LUIZA FRANCO
RIO DE JANEIRO, RJ (FOLHAPRESS) - Em meio a uma série de dúvidas sobre o que aconteceu na madrugada do último sábado (11) nas favelas do Complexo do Salgueiro, na região metropolitana do Rio, onde sete homens morreram durante operação das forças de segurança, o Exército diz que não vai abrir investigação interna para apurar a eventual participação de seus soldados nessas mortes.
A operação, no conjunto de favelas em São Gonçalo, foi capitaneada pela Core (Coordenadoria de Recursos Especiais da Polícia Civil) e teve o apoio de dois blindados e 17 homens do Exército. Tanto os policiais quanto os soldados negam terem atirado.
A investigação policial poderá determinar qual foi a participação dos agentes da Core, mas não tem atribuição para indiciar soldados do Exército. Caberia ao Ministério Público Militar abrir investigação, mas ainda não está claro se isso vai ocorrer.
O porta-voz do Exército, coronel Roberto Itamar, afirma que um relatório produzido após a operação concluiu que nenhum soldado efetuou disparos, e que isso basta para que não seja aberto um processo de apuração interno. Em outubro, o presidente Michel Temer sancionou o projeto de lei enviado pelo Congresso que transfere para a Justiça Militar o julgamento de crimes dolosos contra a vida praticados contra civis por militares quando em atividade operacional.
A dinâmica dos fatos ainda não está clara para a Divisão de Homicídios de Niterói, que investiga o caso. O delegado titular, Marcus Amim, chegou a afirmar que as mortes haviam ocorrido em decorrência da operação, mas após ouvir os depoimentos dos policiais e de saber que o Exército havia negado participação, disse não ter elementos para confirmar isso. O caso está registrado, até o momento, como homicídio.

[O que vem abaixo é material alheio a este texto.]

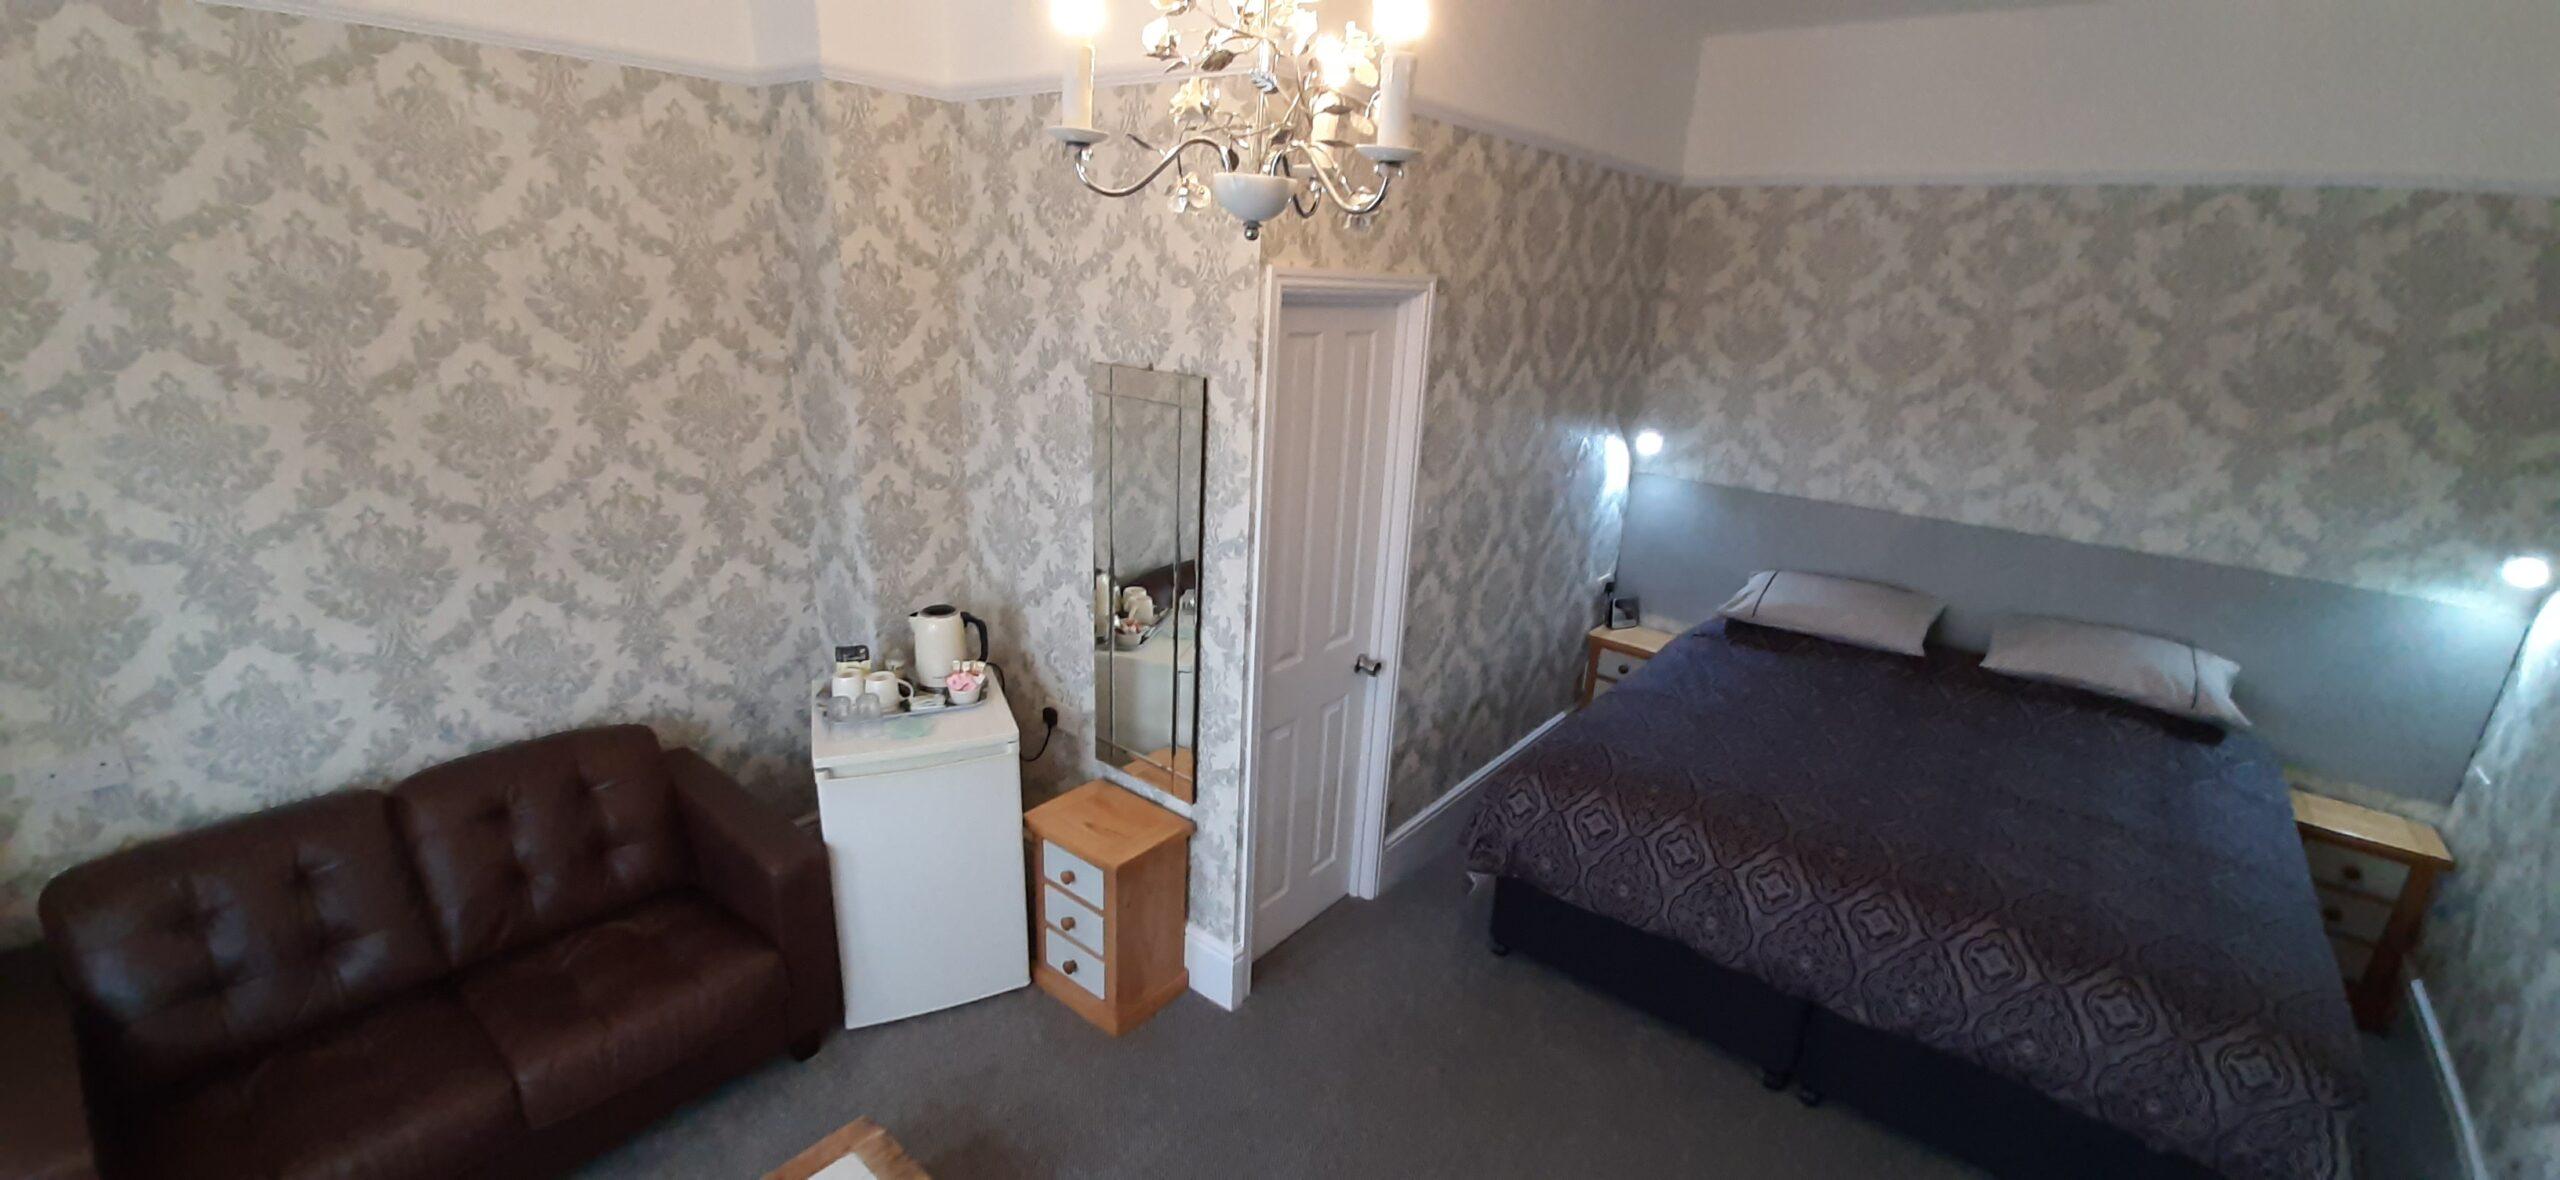 Room 1 Large Super King / Twin En-suite with Sofa & Fridge

"O fato de que acontecia operação quando ocorreram as mortes nos faz acreditar que elas tenham sido resultado de confronto, mas precisamos de mais elementos para ter certeza", disse ele. O delegado já ouviu parte dos cerca de 20 policiais da Core que participaram da ação. Projéteis foram encontrados e apreendidos. As armas dos policiais da Core, também. As armas do Exército, no entanto, não serão submetidas a perícia.
Segundo a Polícia Civil, a operação era um "reconhecimento de terreno" com o objetivo final de prender dois traficantes do Comando Vermelho que estavam na favela. O Exército estava lá para dar apoio logístico e de segurança. Foram usados dois blindados, com homens do Exército e da Core.
Segundo relatos da Core e do Exército, quando os veículos entraram na estrada das Palmeiras, uma das vias da favela, ouviram tiros e, em seguida, encontraram os sete corpos na beira da estrada e na mata.
Já moradores disseram que blindados entraram na comunidade às 4h, que houve tiroteio e correria. Ao jornal "O Globo", alguns disseram que havia agentes encapuzados e que teriam feito ameaças. Dos sete mortos, quatro tinham passagem pela polícia por crimes como tráfico de drogas e lesão corporal, segundo a Polícia Civil.
A polícia nega que a ação tenha sido uma resposta à morte do soldado Joubert Lima, 26, baleado no pescoço em confronto com criminosos na manhã de sexta-feira (10) em São Goncalo. Segundo a corporação, a operação já estava planejada antes da morte dele. Na ação, os agentes apreenderam um fuzil, sete pistolas, cinco carregadores, munições, rádios transmissores, drogas e celulares.
A mulher de um dos mortos, que não quis se identificar, questionou à reportagem, no IML, a ação policial. "Não vou negar que meu marido era traficante, mas isso não justifica isso que fizeram. Entraram atirando e atingiram pessoas que não tinham nada a ver. Agora a favela está toda com medo da polícia."
São Gonçalo é a segunda maior cidade fluminense e uma das regiões mais conflagradas devido à violência. O Rio enfrenta grave crise financeira, com cortes de serviços e atrasos de salários de servidores, e está perto de um colapso na segurança pública.
Um outro efeito dessa crise tem sido a alta dos índices de criminalidade e a redução do número de policiais em favelas ocupadas por facções criminosas. As UPPs, base policiais em comunidades controladas pelo tráfico perderam parte de seu efetivo. Ao mesmo tempo, os mortos em operações policiais dispararam -no começo do ano, a alta beirava 80%.
Outro braço dessa crise é a morte de policiais. Só neste ano já foram 119 PMs assassinados no Estado. A situação de insegurança levou Michel Temer (PMDB) a autorizar a utilização das Forças Armadas para fazer a segurança pública do Rio até 2018.